[Exercise goal]
Copy all the data exactly, except the pictures.

*** Data section Section Begins ***

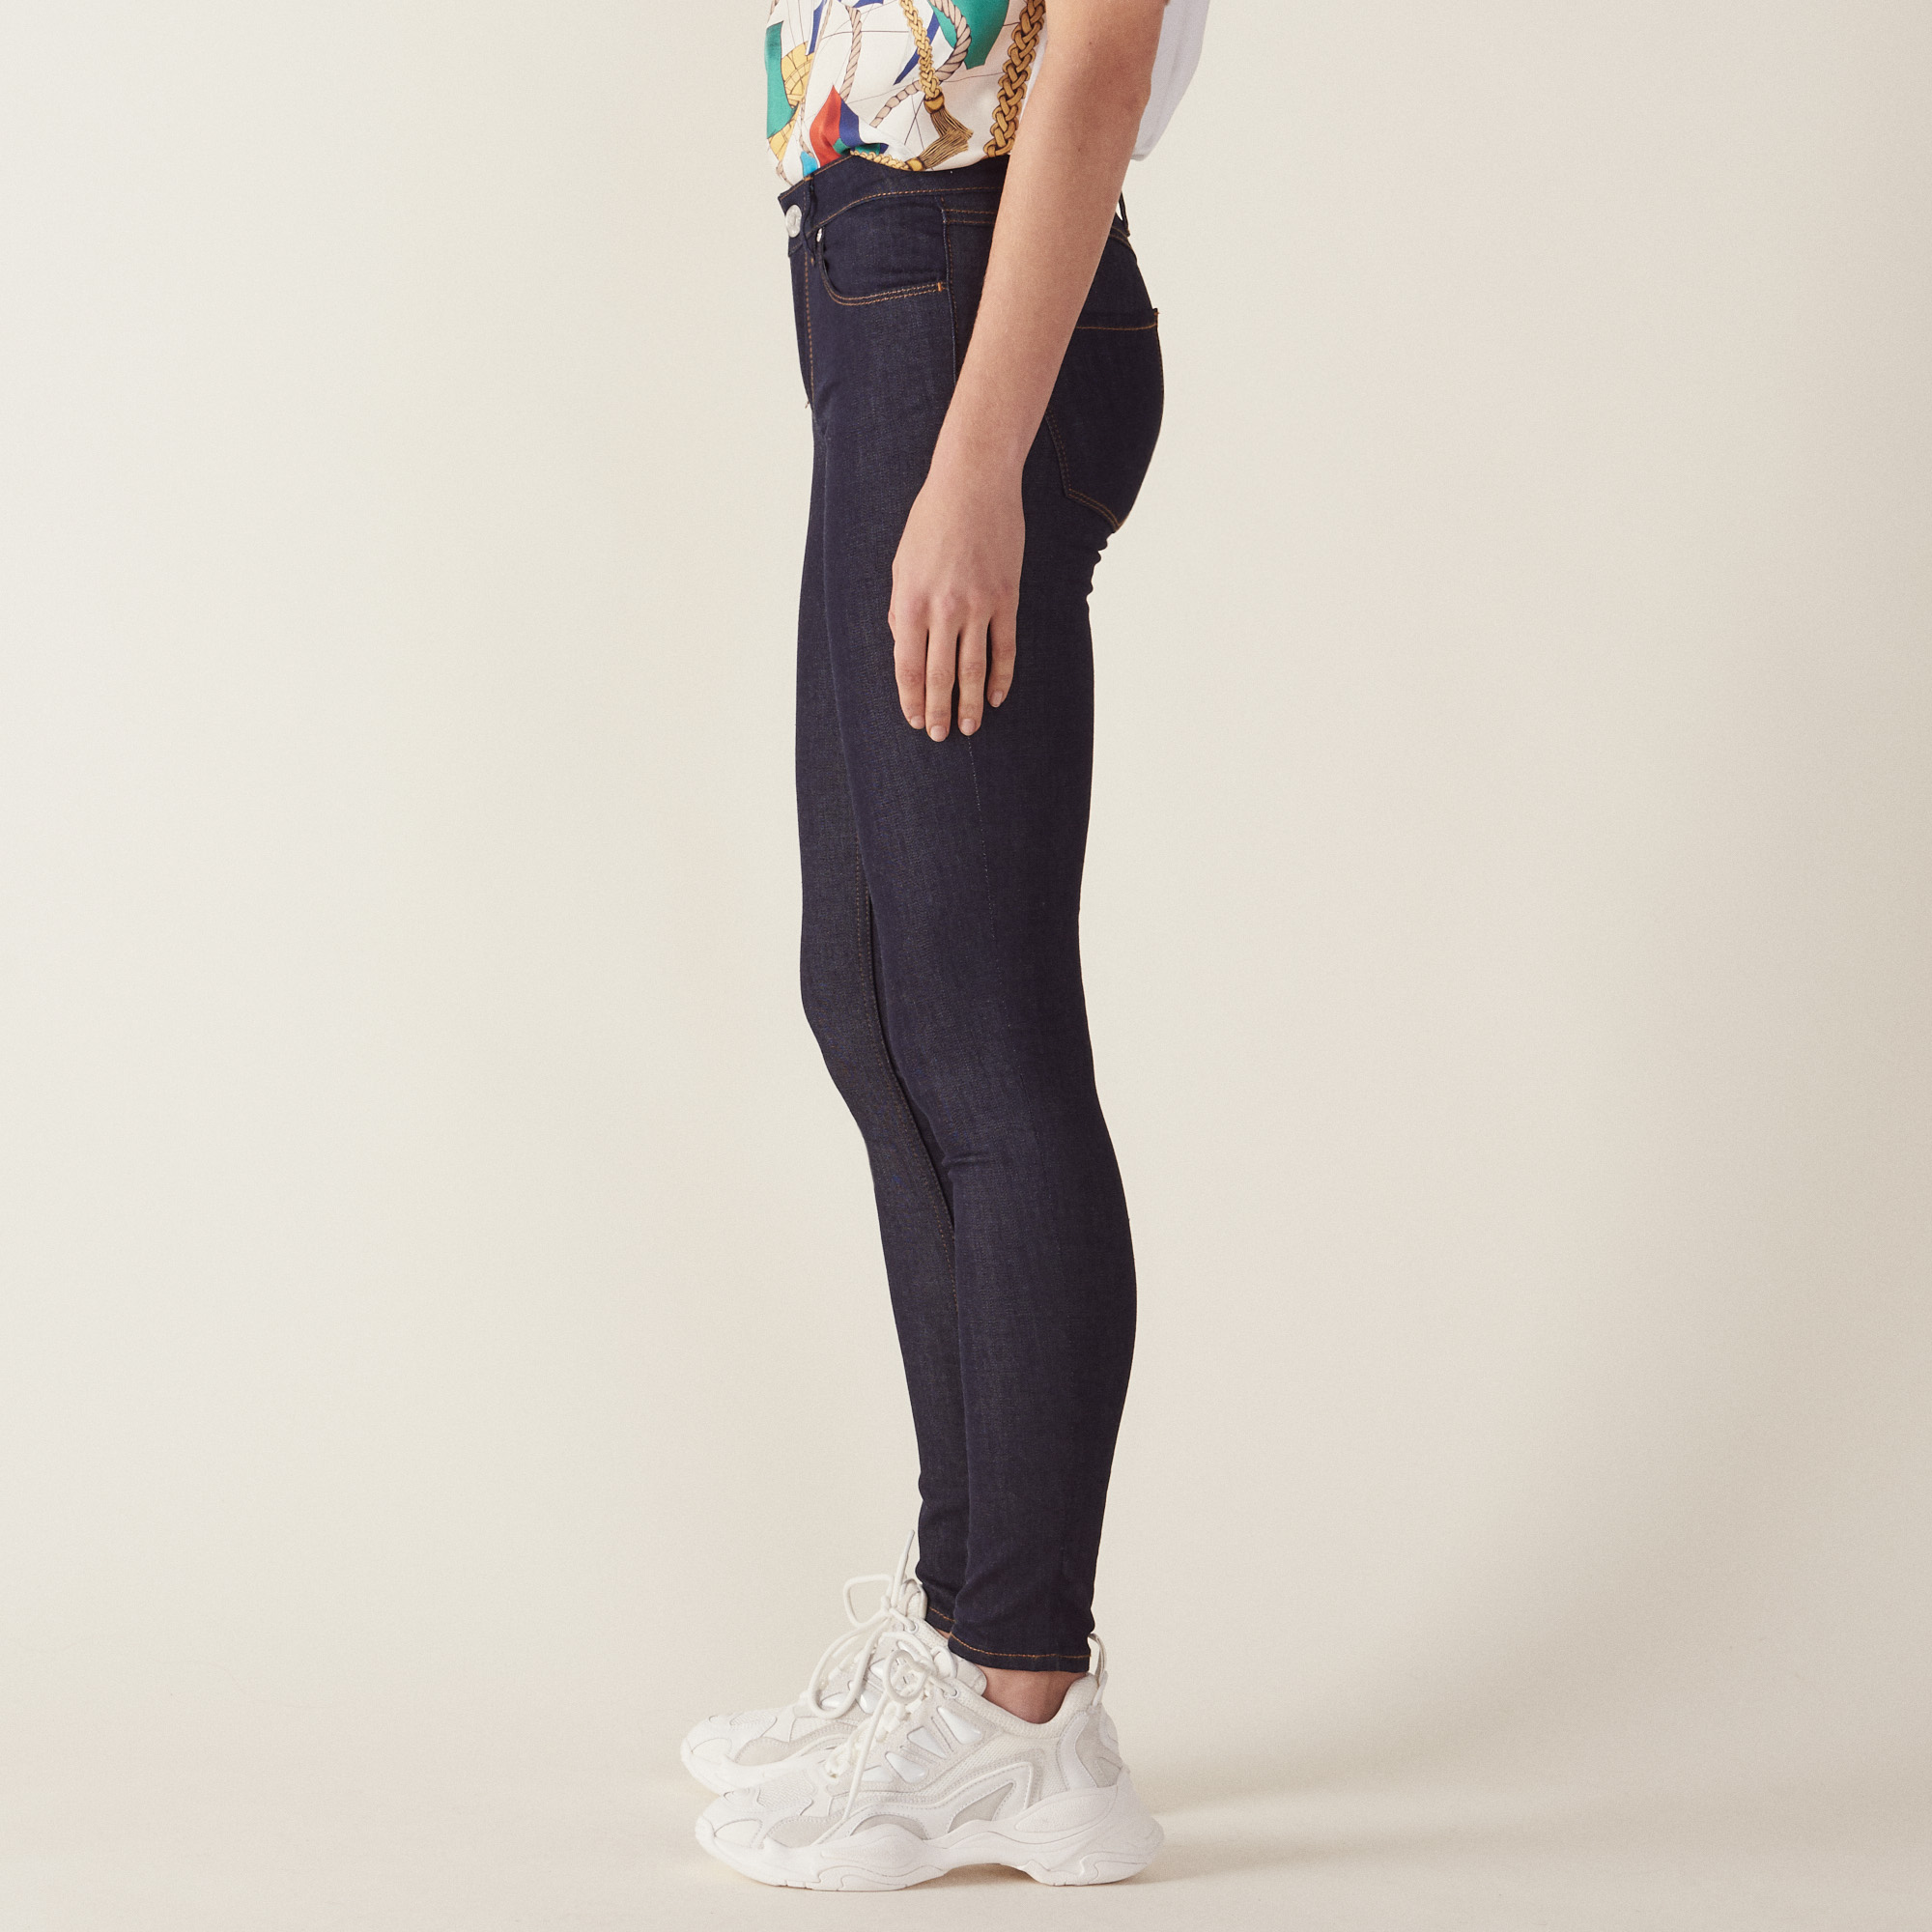 Raw Denim Skinny Jeans
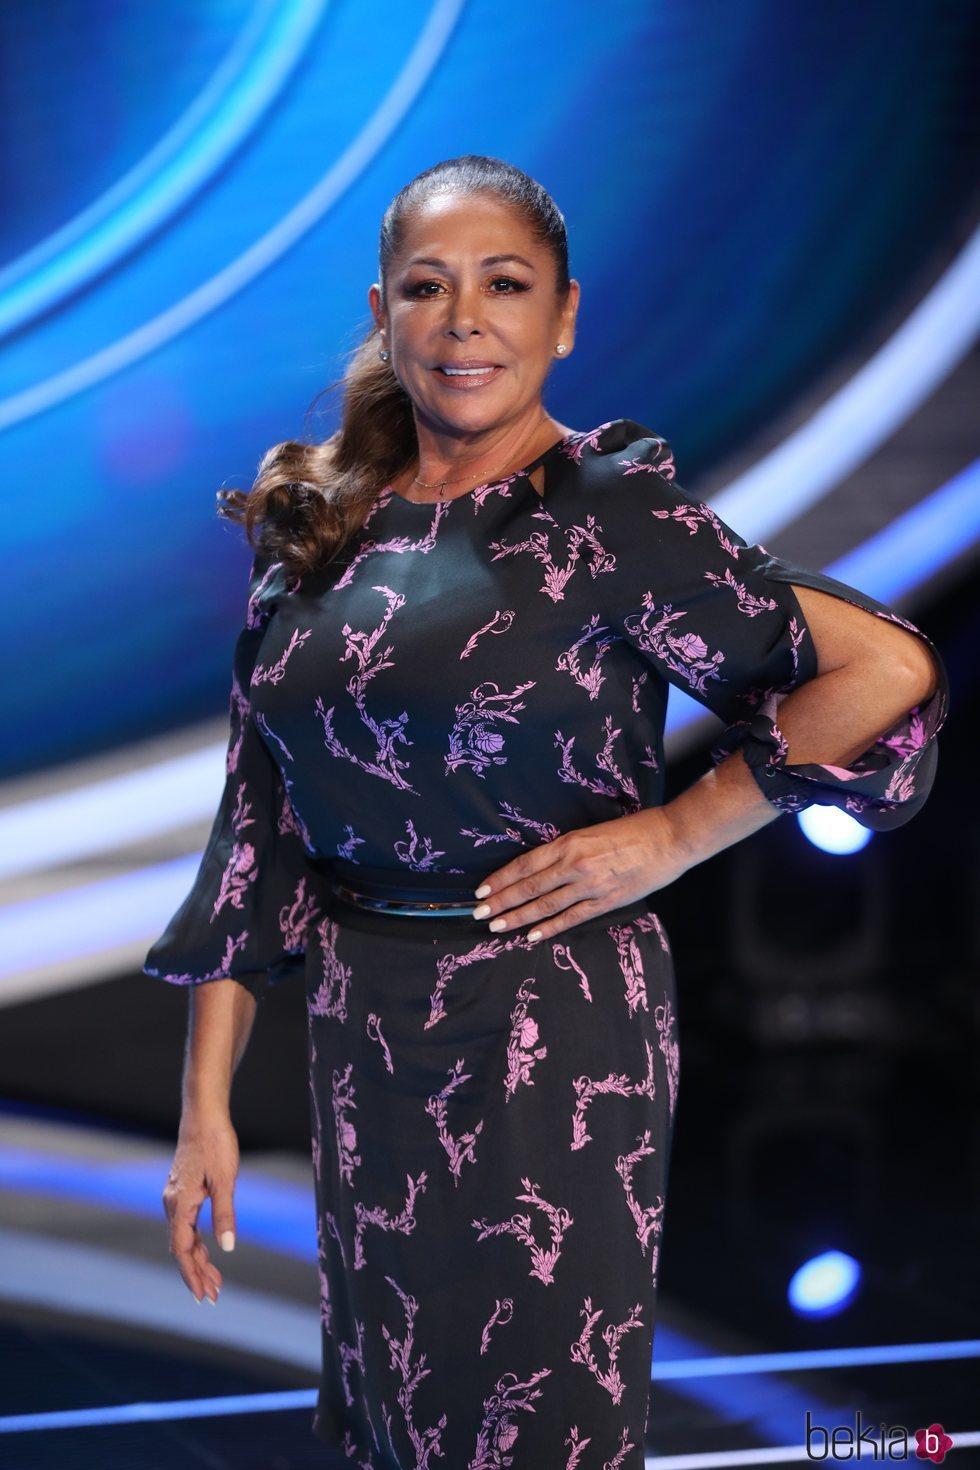 Isabel Pantoja posa muy elegante en la presentación de 'Idol Kids'
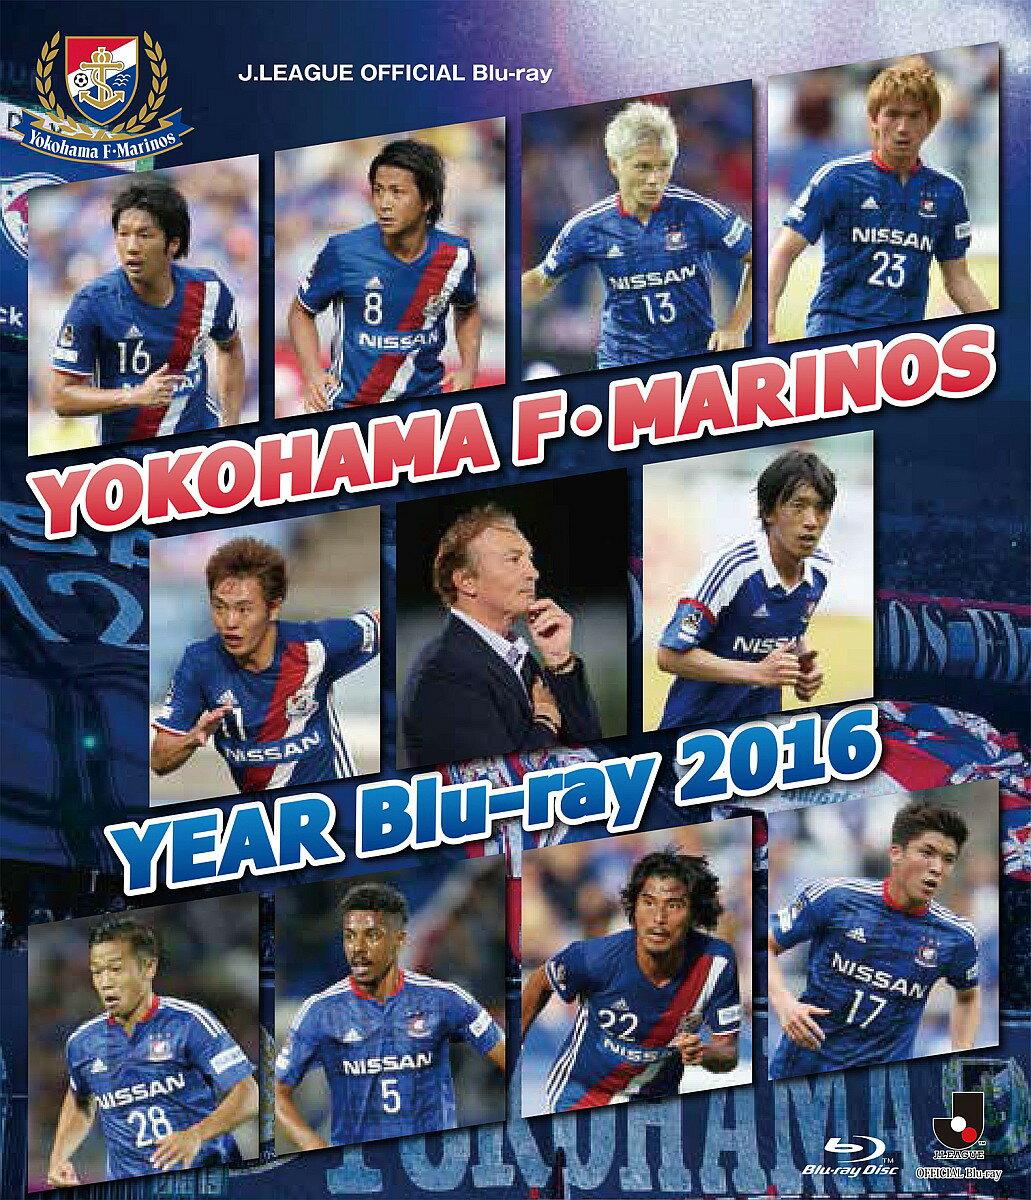 横浜F・マリノスイヤーBlu-ray2016【Blu-ray】 [ 横浜F・マリノス ]

*** Data section Section Ends ***

[Answer to the problem]
 Raw Denim Skinny Jeans
 Isabel Pantoja posa muy elegante en la presentación de 'Idol Kids'
 横浜F・マリノスイヤーBlu-ray2016【Blu-ray】 [ 横浜F・マリノス ]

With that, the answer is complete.